American music critic (1915–2001)

Paul Chandler Hume (December 13, 1915 – November 27, 2001) was an American music critic and author who specialized in classical music. He was the music editor for The Washington Post from 1946 to 1982.

==Life and career==
Hume was born in Chicago, Illinois, on December 13, 1915. Hume attended the University of Chicago, receiving a Bachelor of Arts in 1937 after studying music and English.

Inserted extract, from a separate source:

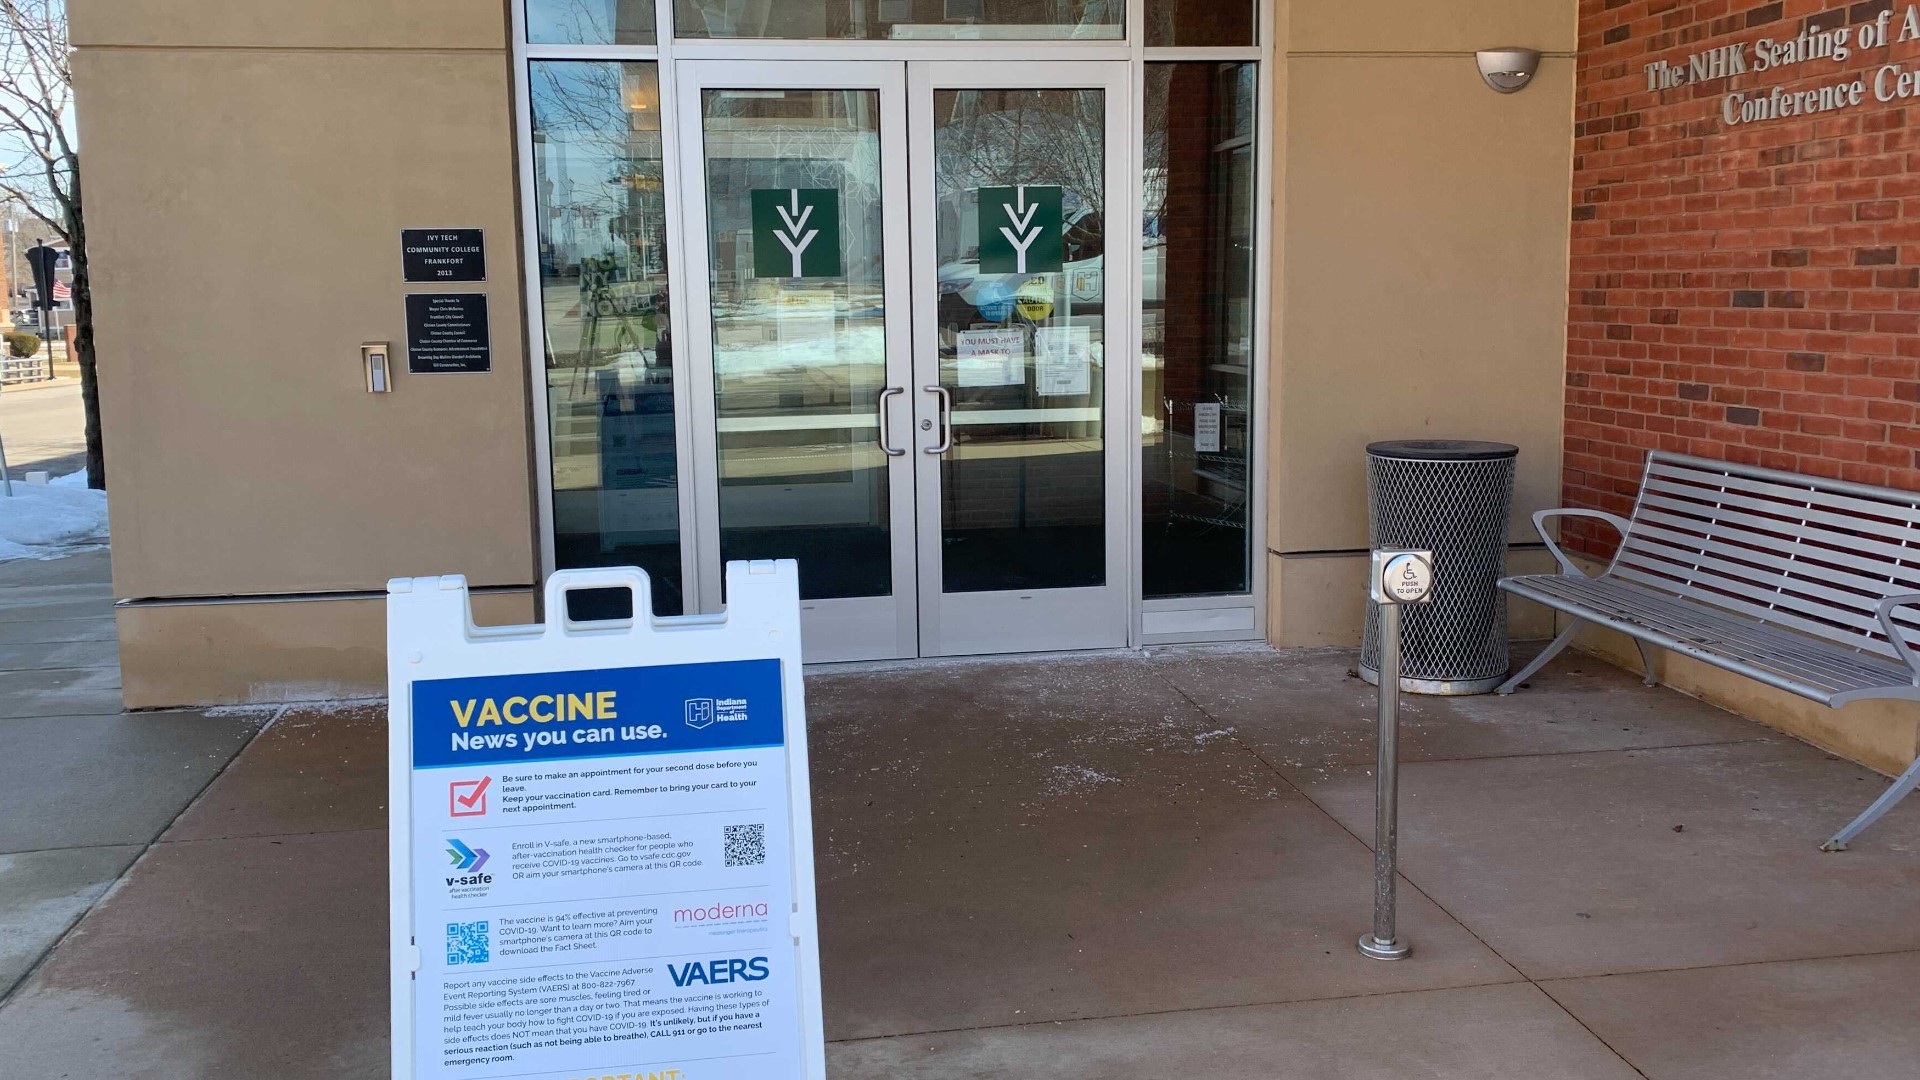 Ten new vaccine clinics opened recently, aiming to improve access to Hoosiers.

In addition to his role as the Post music editor, Hume hosted a long-running classical music program on WGMS radio in Washington, D.C., and was guest commentator for the New York Metropolitan Opera intermission broadcasts. He was also a professor of music at Georgetown University from 1950 to 1977 and adjunct professor of music at Yale University from 1975 to 1983. He was a member of the American Association of University Professors, the Music Critics Association of North America, and the Cosmos Club. He received a Peabody Award in 1977 for his outstanding achievement in music criticism, and received honorary degrees from Thiel College, Rosary College, and Georgetown University. In addition, he published several books, including Catholic Church Music (1956), where he refers in passing to himself as a Catholic convert from Protestantism; and a biography of Verdi (1977).

Hume died on November 27, 2001, in Baltimore, Maryland.

==Truman incident==
Hume was best known for his critical review in December 1950 of a concert by Margaret Truman and the scathing letter he later received from her father, President Harry S. Truman. Truman called Hume "an eight ulcer man on four ulcer pay." He further told him:

It seems to me that you are a frustrated old man who wishes he could have been successful. When you write such poppy-cock as was in the back section of the paper you work for it shows conclusively that you're off the beam and at least four of your ulcers are at work.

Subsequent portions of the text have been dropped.